Segment Open

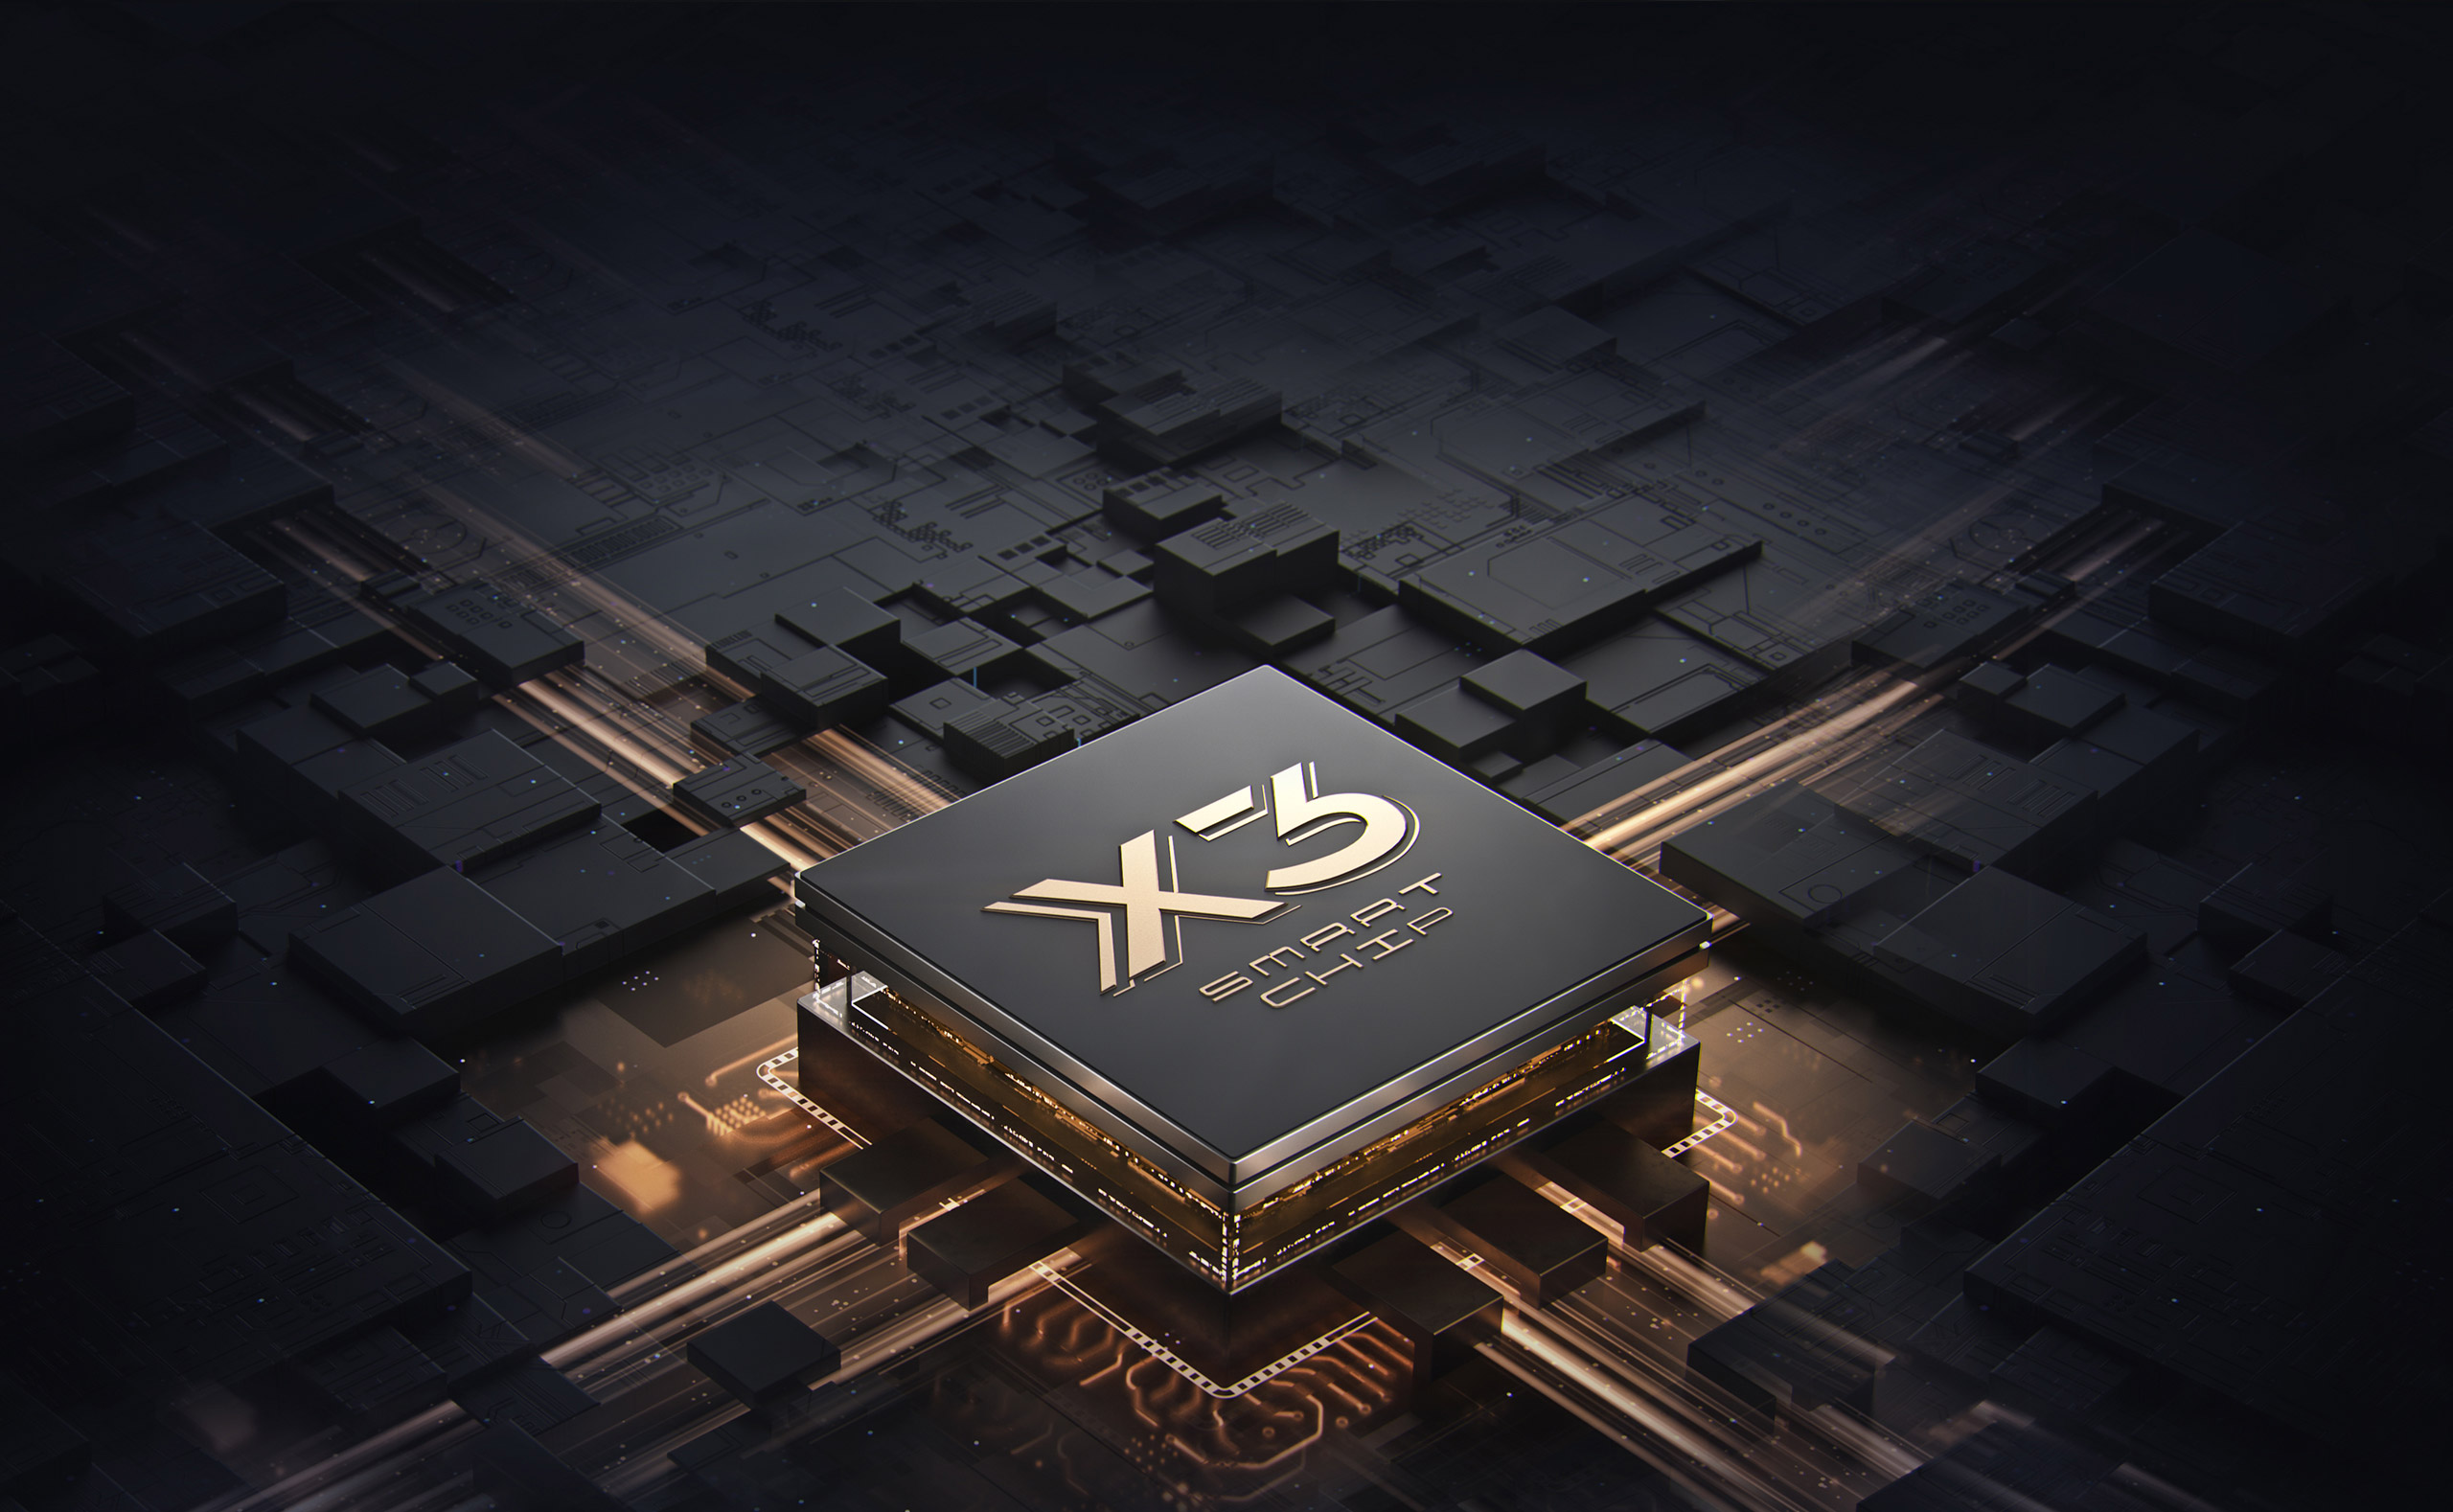 X3 Smart Chip
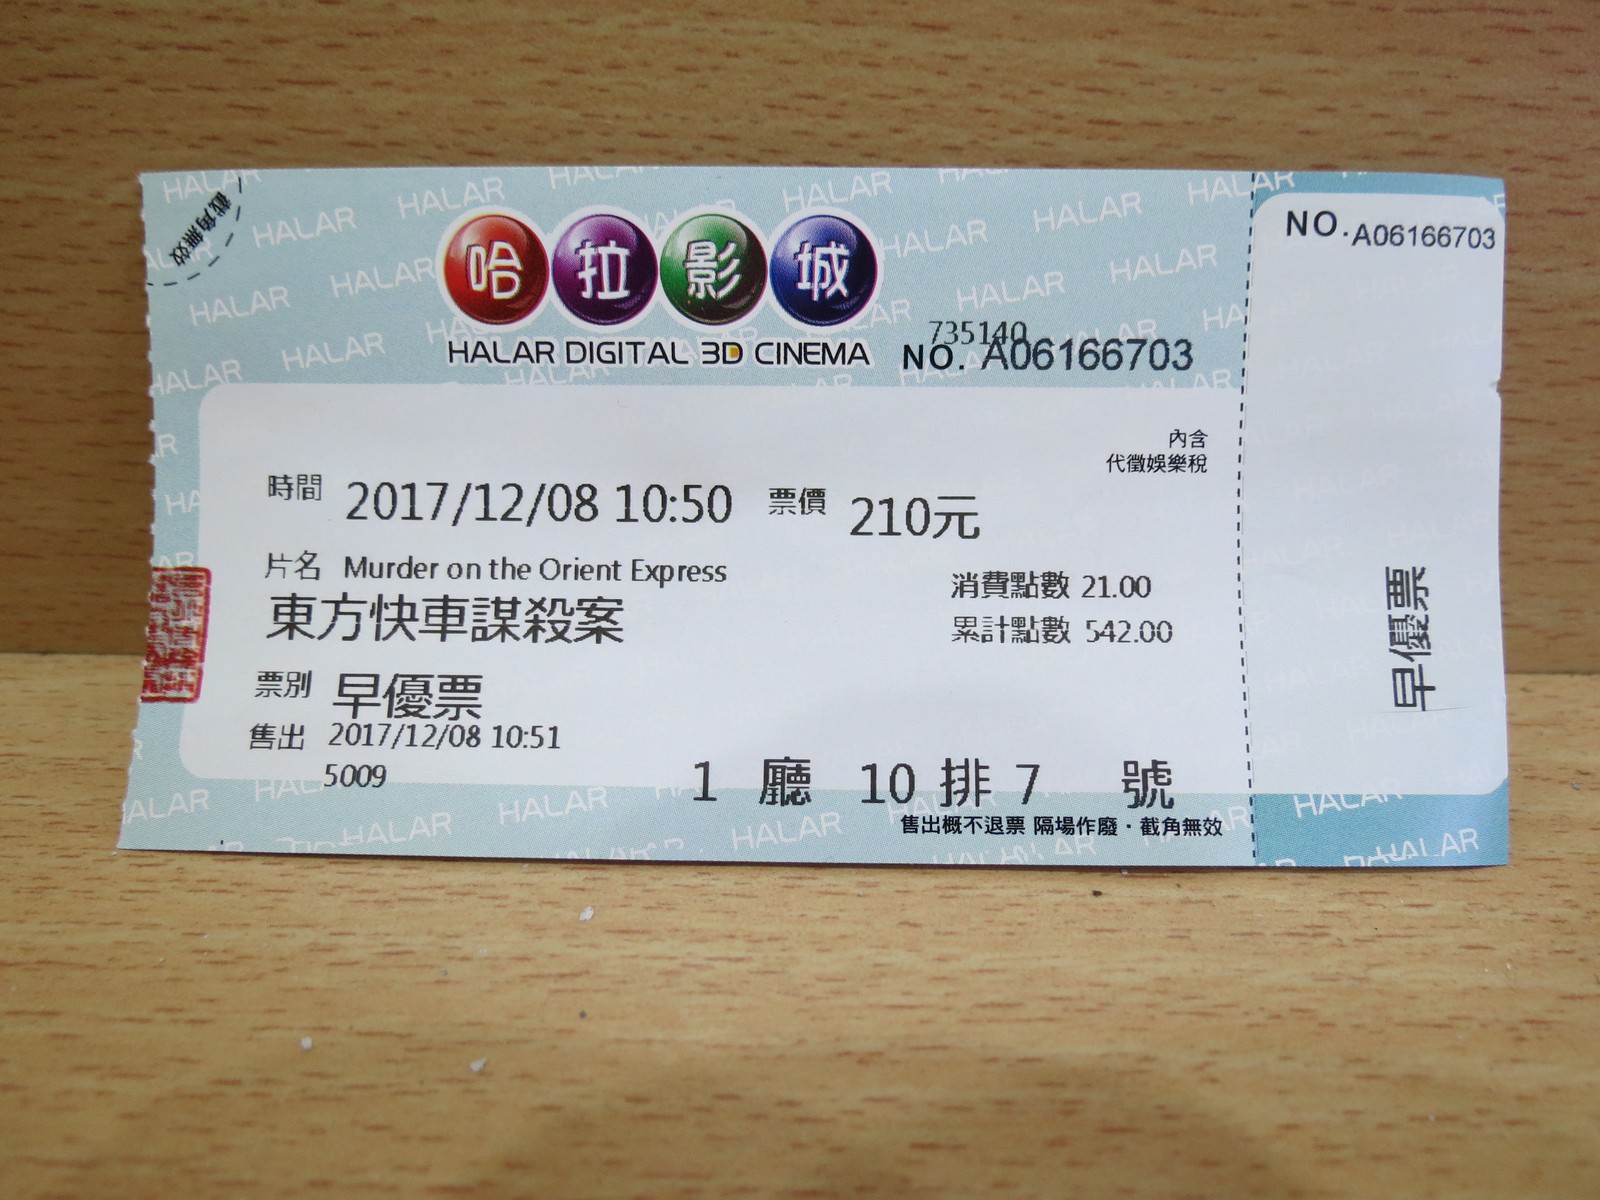 Movie, Murder on the Orient Express(美國, 2017) / 東方快車謀殺案(台灣.香港) / 东方快车谋杀案(中國), 電影票
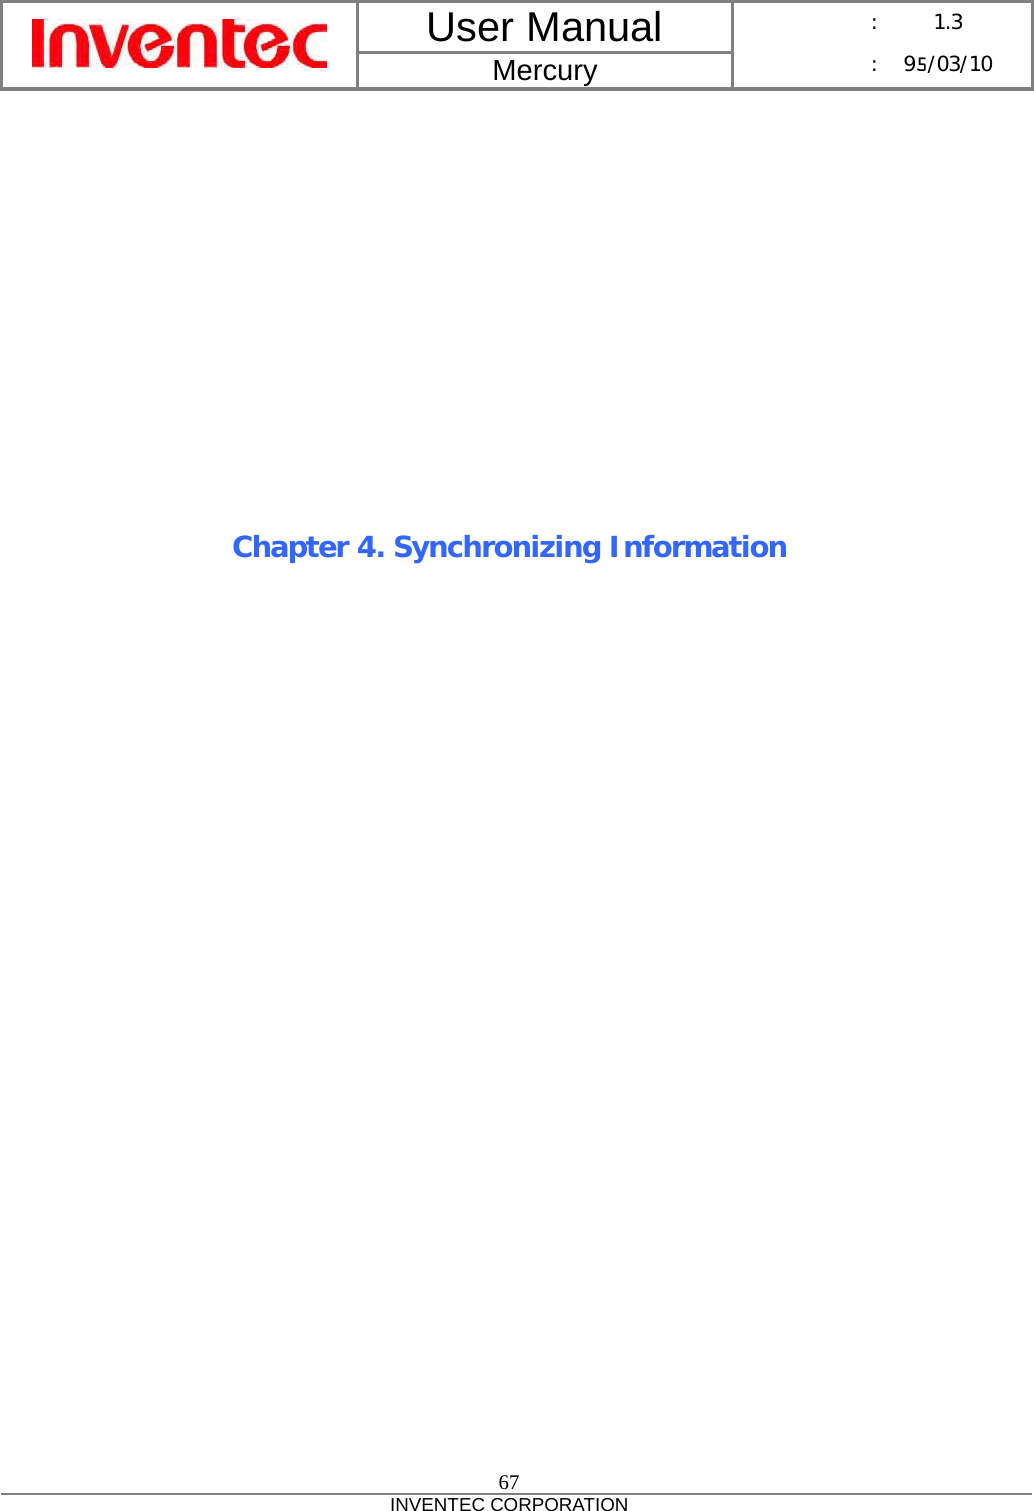 User Manual  Mercury      :  1.3      : 95/03/10  67 INVENTEC CORPORATION              Chapter 4. Synchronizing Information 
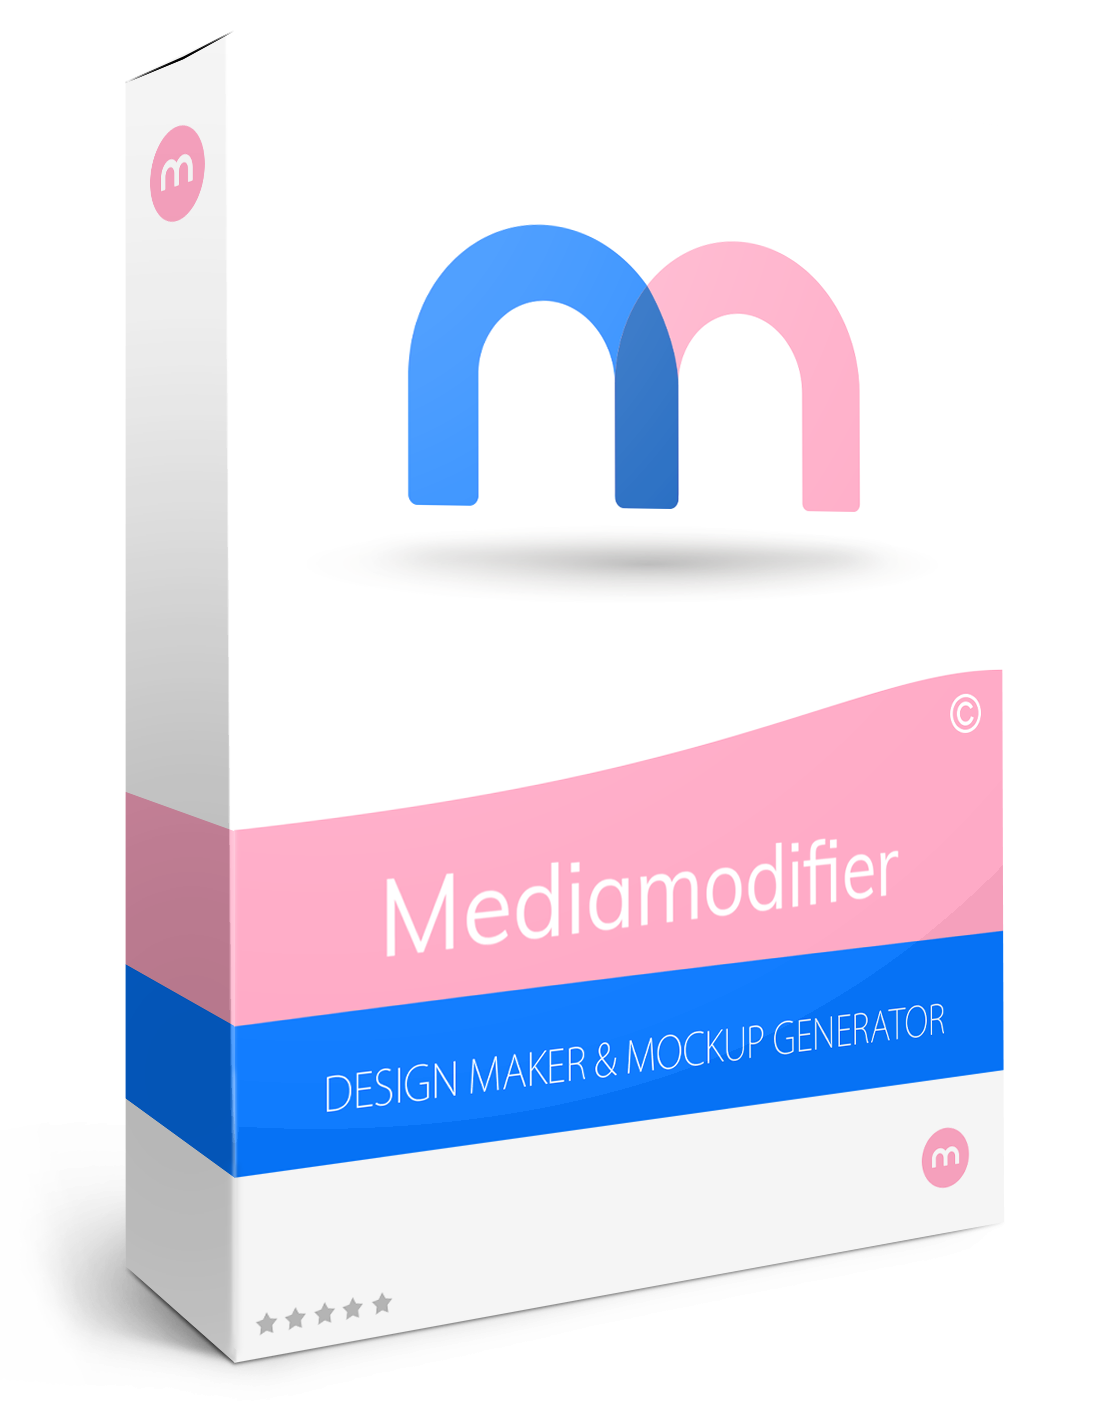 mediamodifier marketing design tool

Segment Closed

_TASK GOAL:_ Omit the pictures, then give all the lines above again exactly.

_YOUR SOLUTION:_
 X3 Smart Chip
 Movie, Murder on the Orient Express(美國, 2017) / 東方快車謀殺案(台灣.香港) / 东方快车谋杀案(中國), 電影票
 User Manual  Mercury      :  1.3      : 95/03/10  67 INVENTEC CORPORATION              Chapter 4. Synchronizing Information 
 mediamodifier marketing design tool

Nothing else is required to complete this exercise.